Title track Shine explores a lot of Estelle’s past, present and even future relationships. There’s the Legend-featuring More Than Friends, the Will.i.am produced, Kanye boasting second single American Boy as well as the Will crafted jump-off Wait A Minute. Oh, and lets not forget my favourite No Substitute Love. It’s an album that is not only beautifully produced, but lyrically too it’s on another level. “This is as real as you’re going to get Estelle,” insists the 28 year-old. “This is me speaking my mind and not apologising for a single f*cking thing. This is me singing the way I sing, rapping the way I rap, writing the way I write.”


Indeed, a la Lauryn (who Clef has compared her to), Estelle drops in rhyming on almost every track, making this an album fans old and new can definitely get with. “If you’re real about your life, you need to get this, because I feel we keep giving young people unrealistic ideas of where their lives are going to go. As much as I love the Miseducation, the preaching was killing me cos I didn’t realise I’d have to go through the stages of f*cking about with other people’s men, just to figure out who I was as a woman. I realised you’re meant to go through it, it’s normal; no one is superwoman. We need to tell kids to be the best human being you can be, rather than by the age of 23 you have to have it all sorted out.”


Featuring the production of Swizz Beats, The Leg, will, Wyclef and Cee Lo, it’s not hard to see how serious both Estelle and Atlantic are about getting this right.
“I put pressure on myself. When I walked into this, I thought ‘No one else has done it like this, I better do it right.’ I was walking into sessions with all these guys and I didn’t have time to be starstruck, I had to make sure my sh*t was dope. I don’t have time to enjoy sitting next to will.i.am, this could be the last time, so let me make hits; I’m not here to make no bullsh*t.”
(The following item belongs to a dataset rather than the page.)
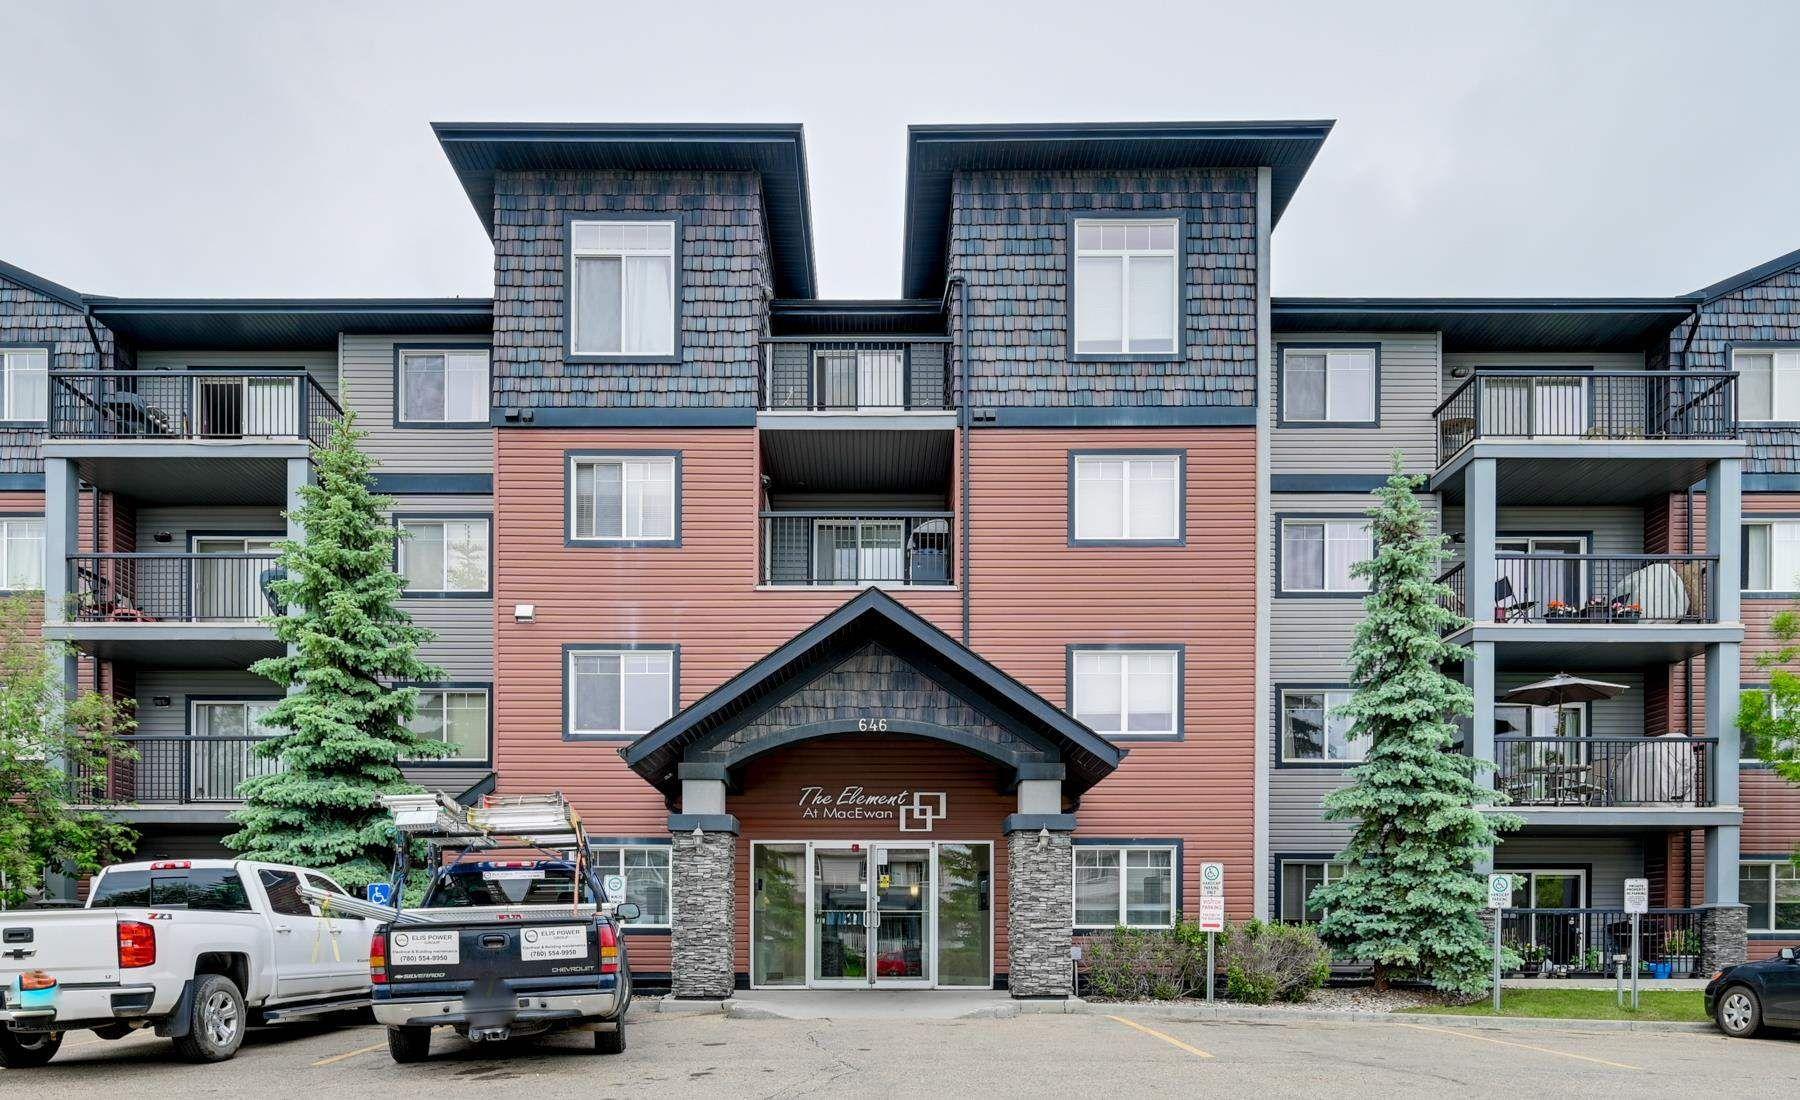 Main Photo: 217 646 MCALLISTER Loop in Edmonton: Zone 55 Condo for sale : MLS®# E4249189

With the album all but ready to drop, now it’s just a question of selling the sell. Tours with Amy W and Kanye are lined up on both sides of the Atlantic, and Estelle is determined that it’s her time to shine, much, much brighter than before. “I don’t want to be someone that just came and went. I want to be where Mary’s at – 10 albums deep and still relevant,” she insists. “I don’t want to be a British fad or someone that should have done it, but didn’t quite. People don’t get this kind of chance second time round, not from where I’m from on road, you get one chance and run with it and hope it does well. So I don’t have the option of enjoying this sh*t, this is it,” she says seriously. “I’m putting everything into this because this is it.”